Rent Controlled tenants won a big victory recently when Supreme Court Justice Schlomo S. Hagler upheld a DHCR decision denying “hardship” rent increases for 27 elderly tenants living at London Terrace Towers in Chelsea. London Terrace Associates v. DHCR v. Four Corners Tenants Association, Index No. 103341/11 (Sup Ct, NY Co, January 18, 2012). I was the lead attorney on the case that goes back more than ten years. The so-called “hardship” rent increases would have doubled and tripled rents of the few remaining rent controlled tenants in a co-op.
A building owner is entitled to hardship rent increases only if the rents are not sufficient to cover costs plus a “reasonable” profit of 8 ½%. (The “reasonable” profit used to be 6% but was raised in 1970 to 8.5%. Let’s hope it doesn’t get any more reasonable!)
The Owner (the holder of unsold shares in the remaining rent controlled apartments) who sought the increases had already made millions of dollars selling vacated rent controlled apartments and retaining ownership of valuable rental and commercial space.
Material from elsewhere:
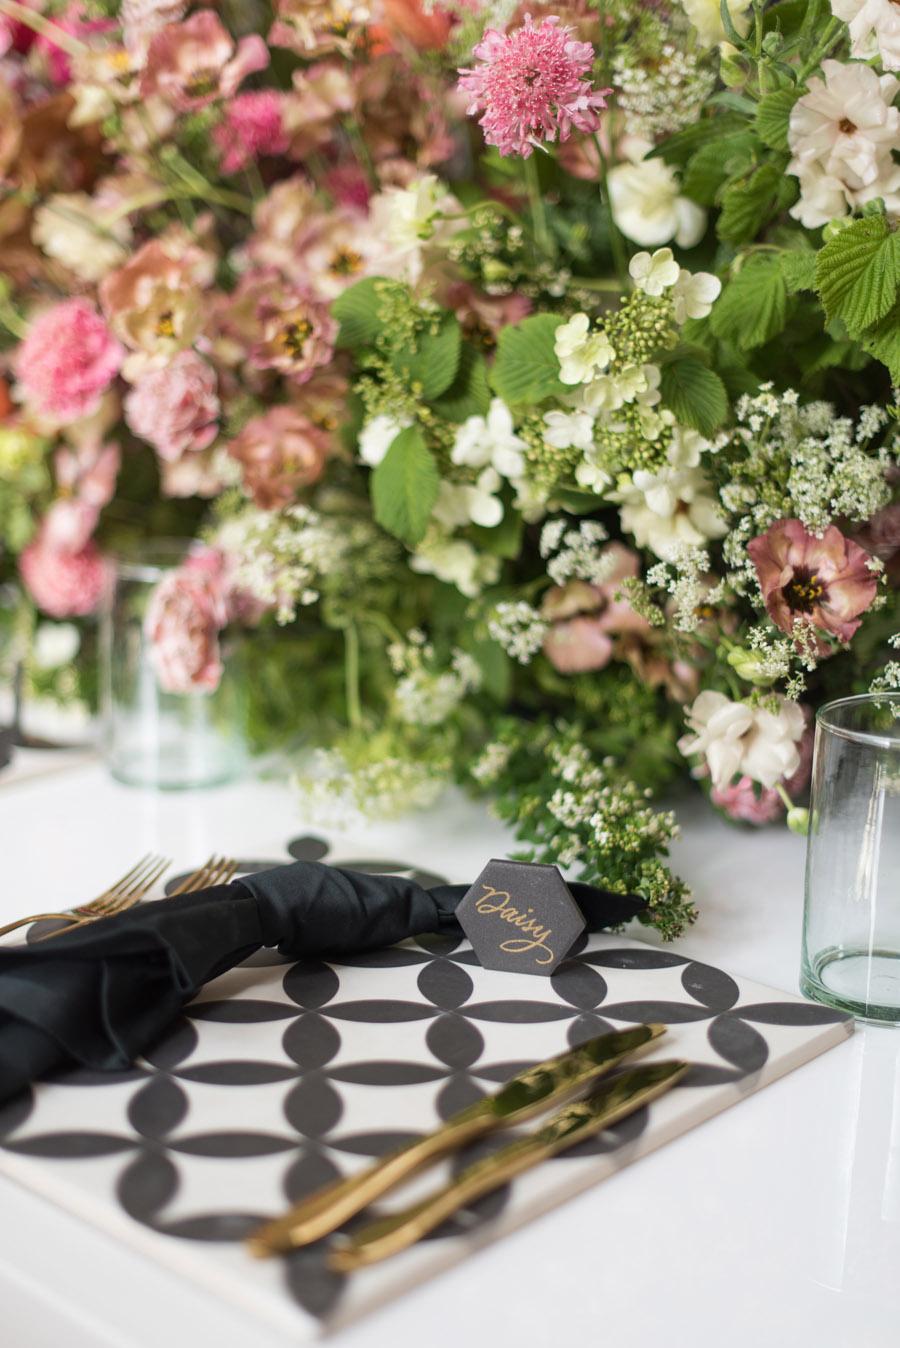 floral wedding ideas at Millbridge Court on English Wedding - photo credit Julie Michaelsen Photography (48)

Millions more could be made if the Sponsor could force the remaining rent controlled tenants to vacate by increasing their rents.
The decision helps protect the 40,000 or so remaining rent controlled tenants from misnamed “hardship” rent increases. The road to victory (for now) was a long and winding one involving arcane matters of tax law and a dispute over how to measure a building’s “capital value” which determines an owner’s profit. (No surprise that one way that people get and stay rich is by writing the tax laws and interpreting them in a way that favors them!)
The Owner applied for the rent increases in 1996. The DHCR took 10-years to rule on the applications. In 2006 it granted the applications, imposing not only substantial rent increases going forward but 10-years of retroactive rent increases as well. The increases would have forced some tenants from their homes and compelled others to spend their life savings to remain in their apartments and pay off the 10-years of arrears.
The Tenants Association appealed arguing, among other things, that the DHCR was using an outdated measure of capital value, Article 12A of the Real Property Tax Law rather than Article 12. Under the Article 12A measure of capital value, the owner’s profit is measured at four times what it would be under the Article 12 measure. (Both Article 12 and Article 12A use an “equalization ratio” which converts the building’s assessed value to an estimated market value.)
We argued that the DHCR should look to the Court of Appeals decision City of New York, 97 NY2d 216, 765 NE 829, 739 NYS2d 333 (2001) which, in upholding a 1997 law involving maximum base rent (“MBR”) increases, held that Article 12 is a “more accurate” measure of capital value.
That “more accurate” measure, in the case of the tenants at London Terrace Towers, resulted in the Owner being entitled to no hardship rent increase since the rents were sufficient to cover its costs and profit. On the other hand, applying the Article 12A measure resulted in the Sponsor being entitled to substantial rent increases to make its (inflated) profit.
In a decision dated February 10, 2011, the DHCR applied Article 12 and found that the Owner was not entitled to any rent increases. That decision was upheld by Judge Hagler on January 18, 2012. We expect that the Owner will appeal to the Appellate Division.